++++ Given information ++++

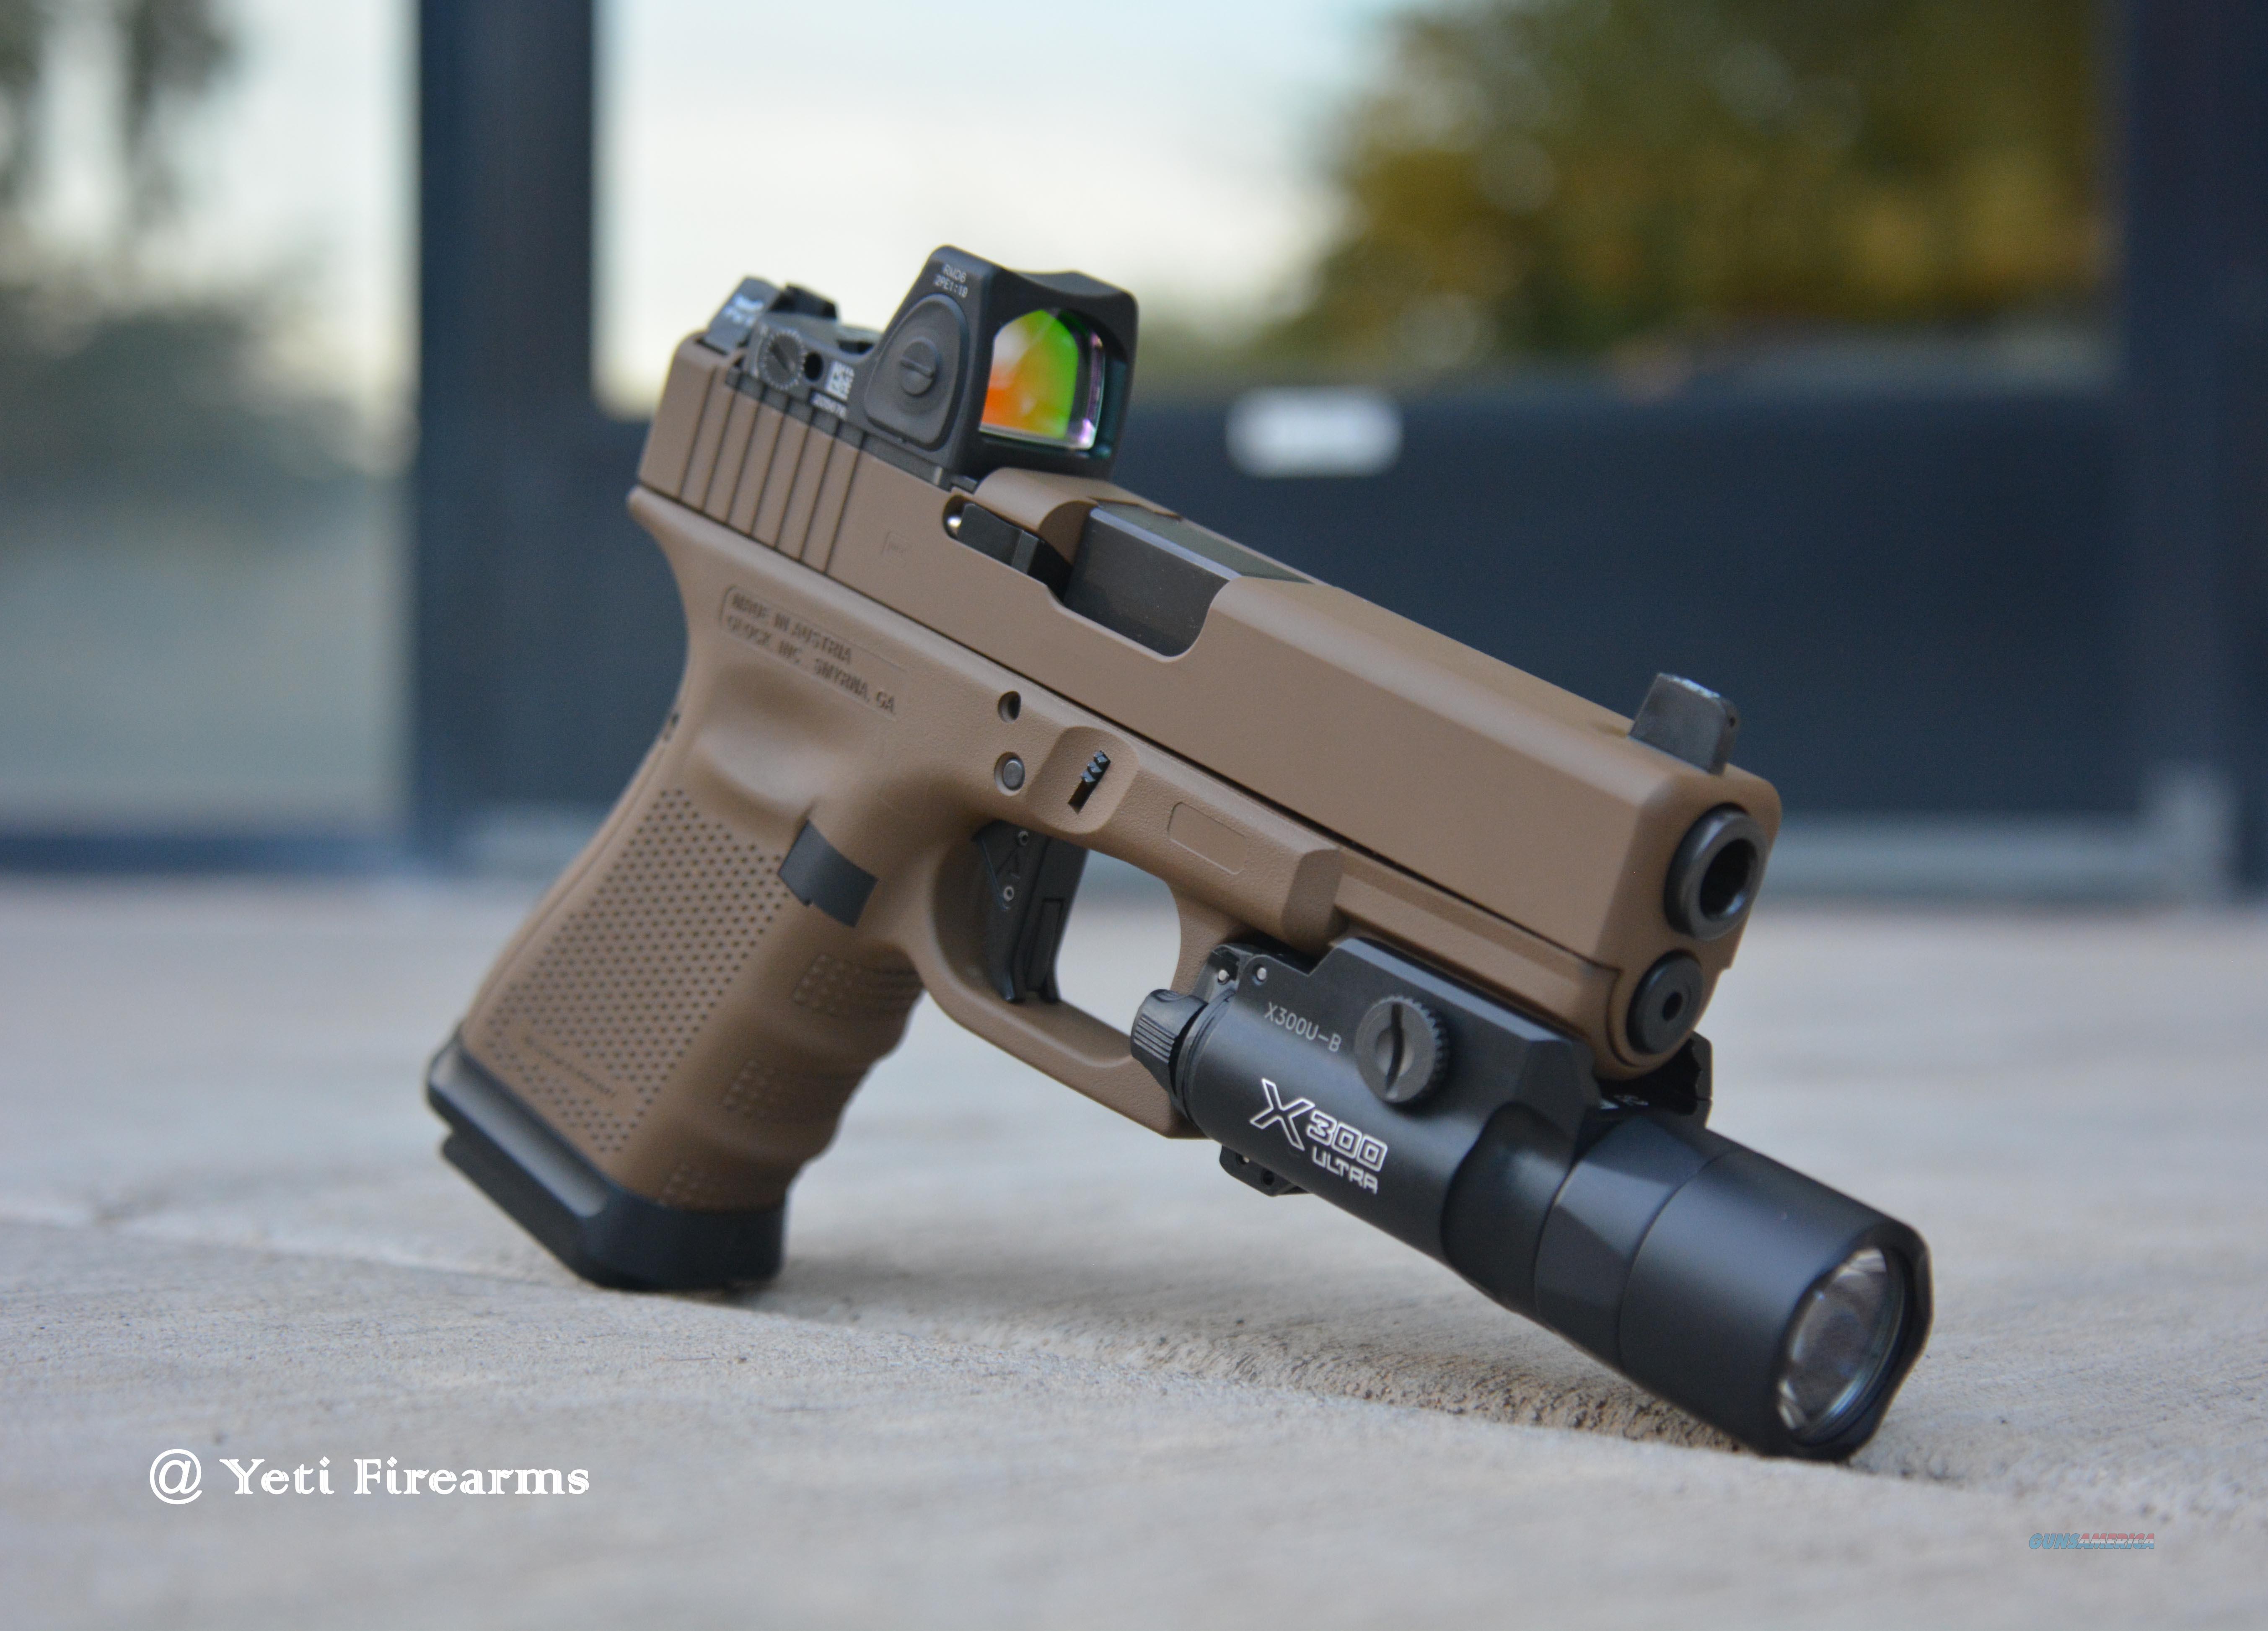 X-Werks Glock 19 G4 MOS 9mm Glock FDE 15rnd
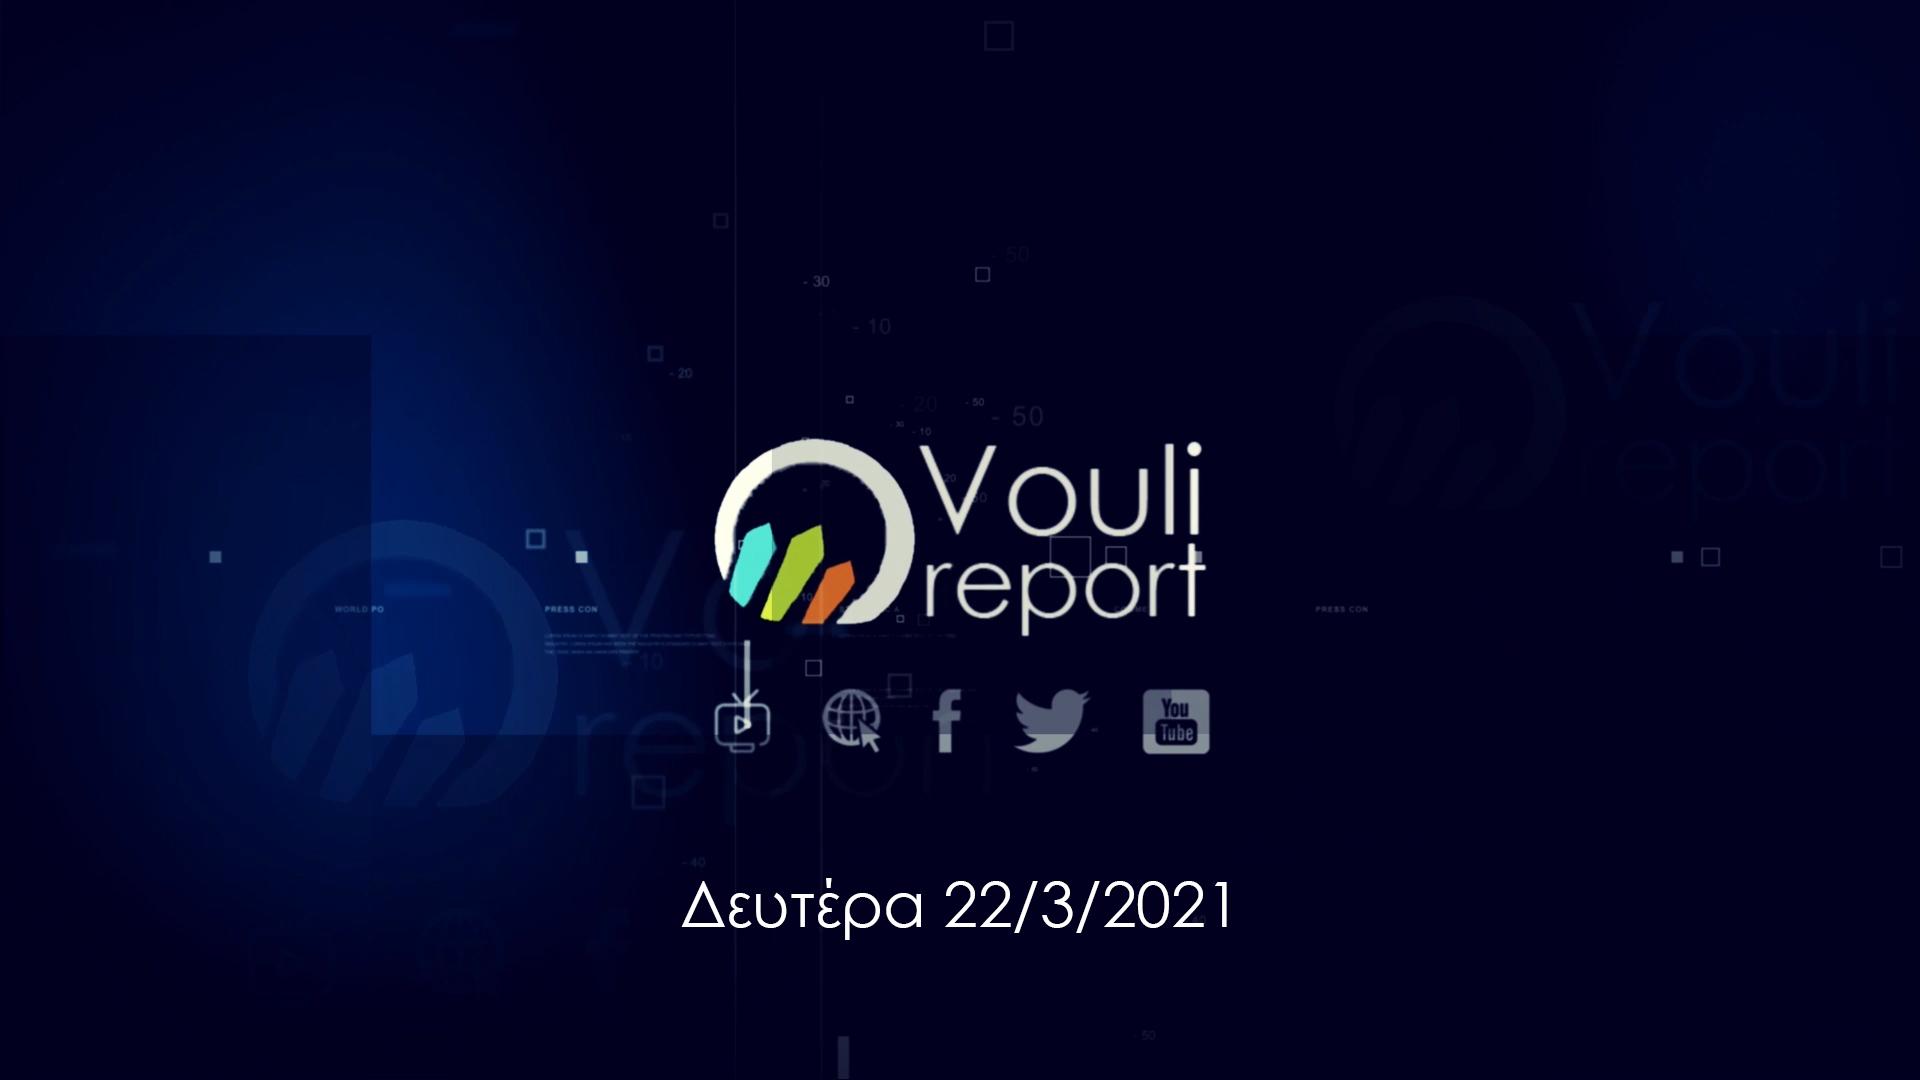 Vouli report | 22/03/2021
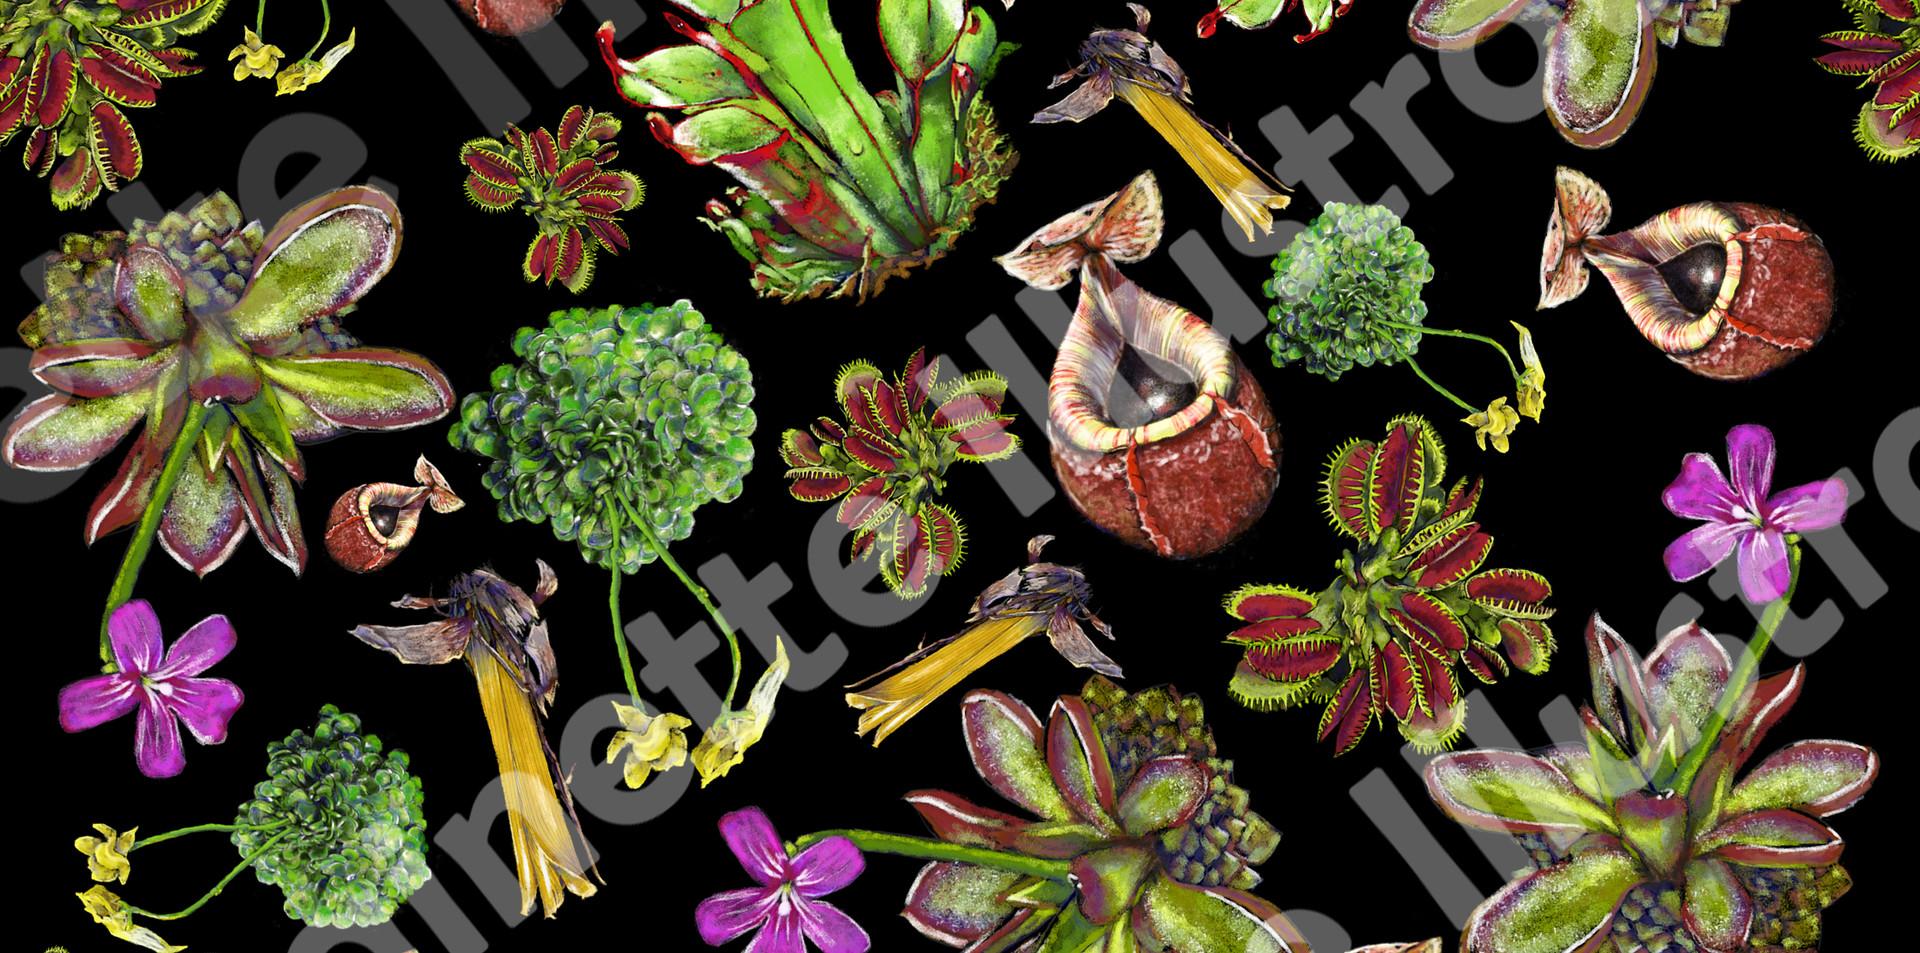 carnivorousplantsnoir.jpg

++++

| The problem |
Retype each line above exactly. Leave the images out.

| Final answer |
 X-Werks Glock 19 G4 MOS 9mm Glock FDE 15rnd
 Vouli report | 22/03/2021
 carnivorousplantsnoir.jpg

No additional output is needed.